Над ним наклонились. Из наплывавшего тумана проступили лица, но он не узнал их. Как сквозь тампон индпакета пробивались голоса — он не узнавал и голосов. Где я, что со мной, где рота, где комбат, взяли высоту? Мысли промелькнули, не оставив следа, и он опять потерял сознание.

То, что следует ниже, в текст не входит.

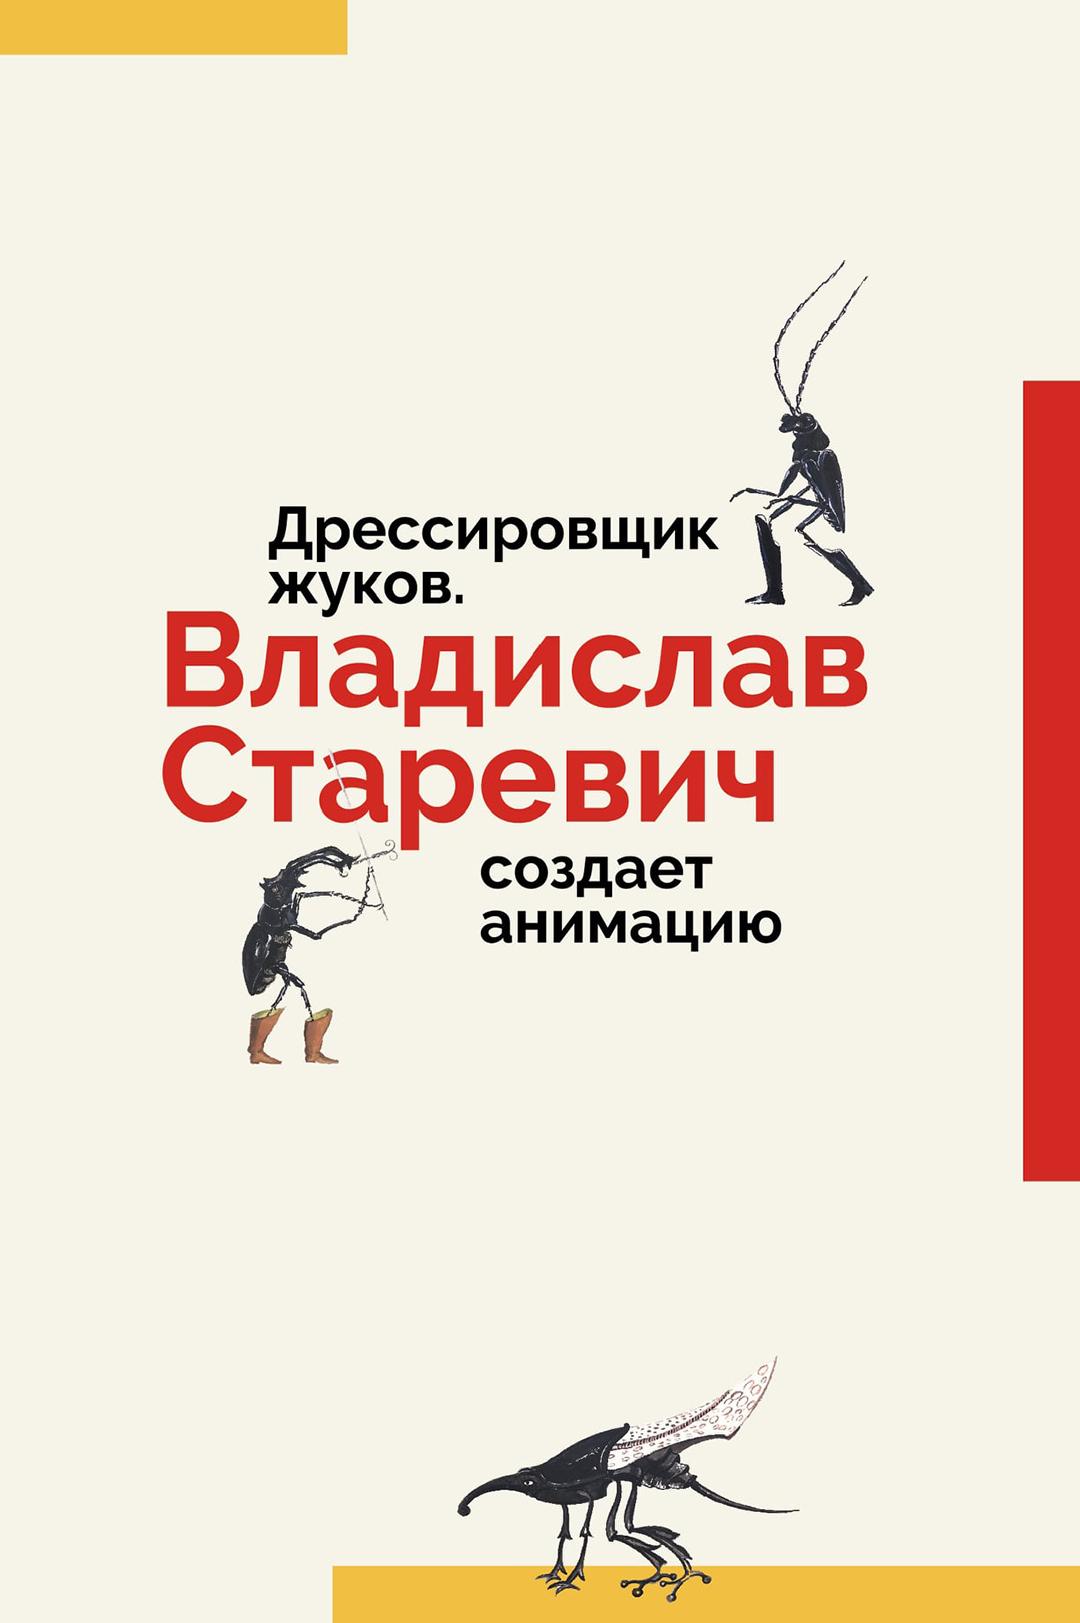 Книга «Дрессировщик жуков. Владислав Старевич создает анимацию»
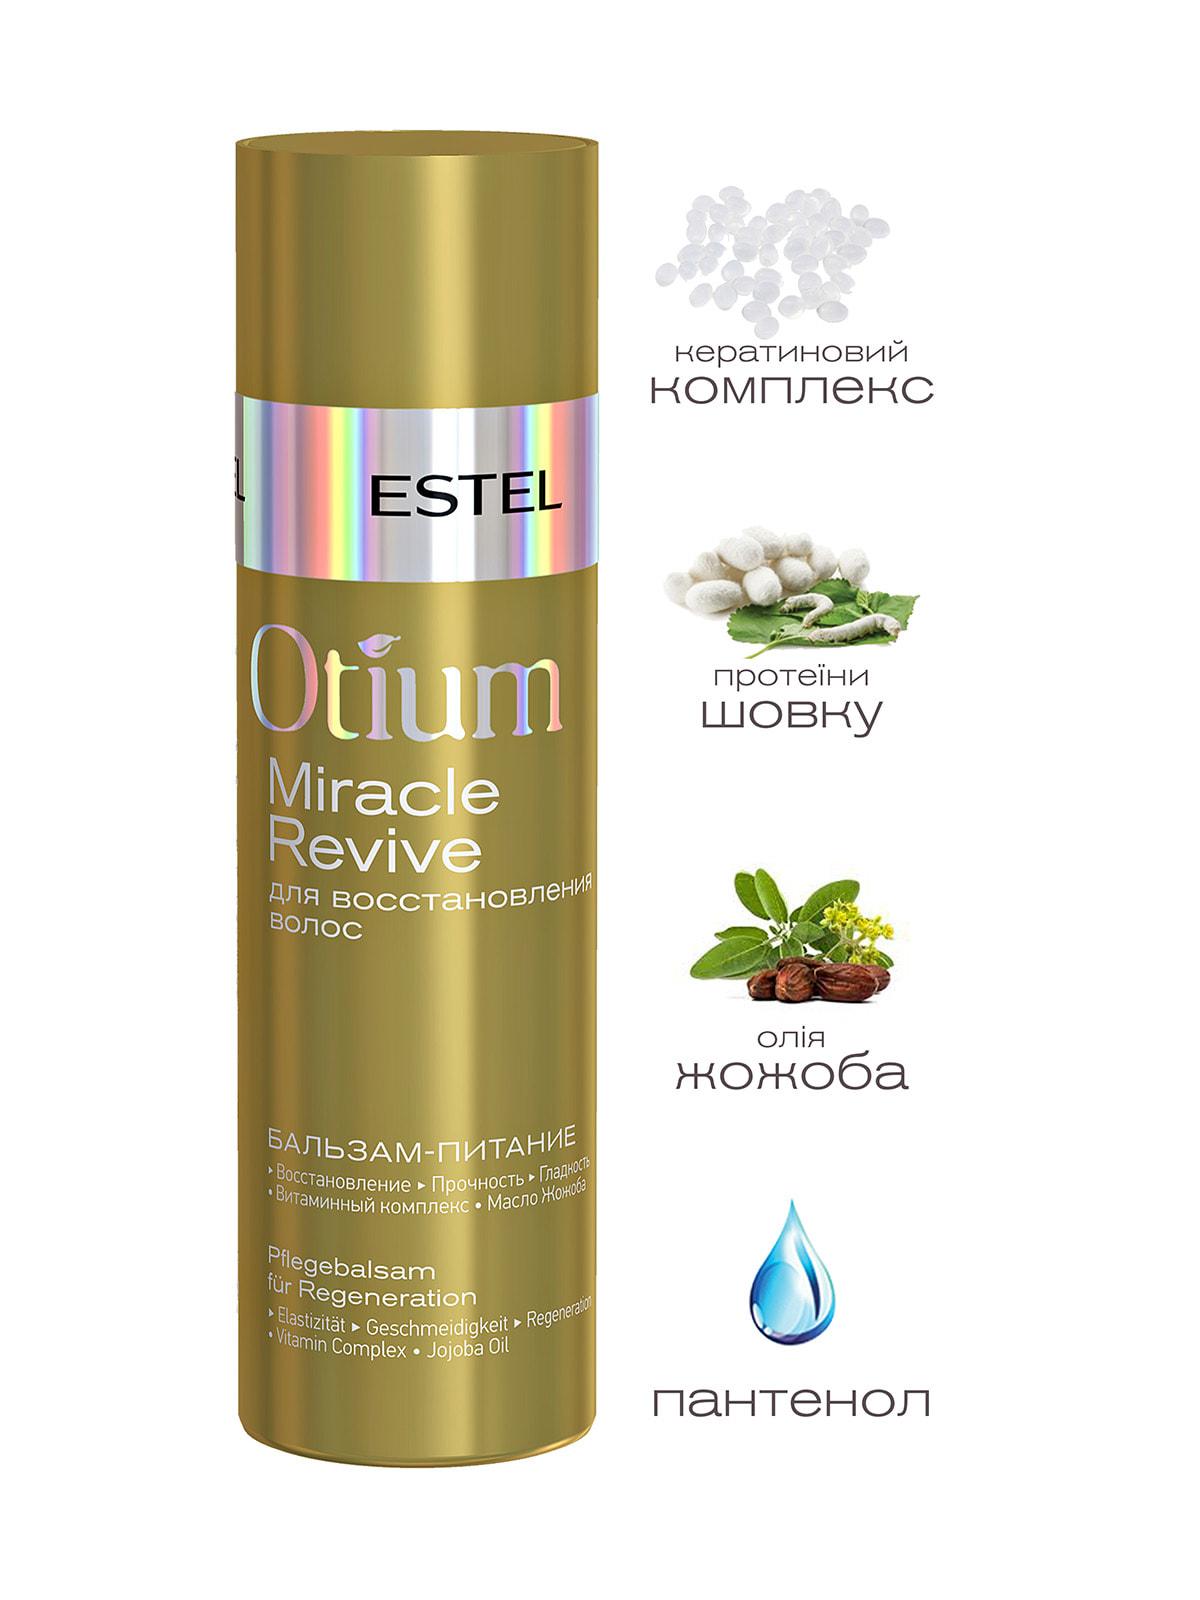 Бальзам-питание для восстановления волос Otium Miracle Revive (200 мл) | 4693972 | фото 2

Теперь оно воротилось к нему немеркнущее, он и видел и слышал. Но до этого был рваный сон или примерещилось: Воронковых домашняя собачка, мамина любимица, кудлатая, с черной челкой, закрывающей глаз, как у Гитлера, собачка что-то пролаяла, а потом примерещился сам Гитлер — с черной челкой, падавшей на глаз, и Гитлер что-то пролаял на своем немецком. И все это исчезло, Воронков ощутил себя — грудь в бинтах, в крови, тошнит от боли и слабости. Узнал: рядом Разуваев, Тулегенов, комбат, Света Лядова, переговариваются — да, да, это их голоса.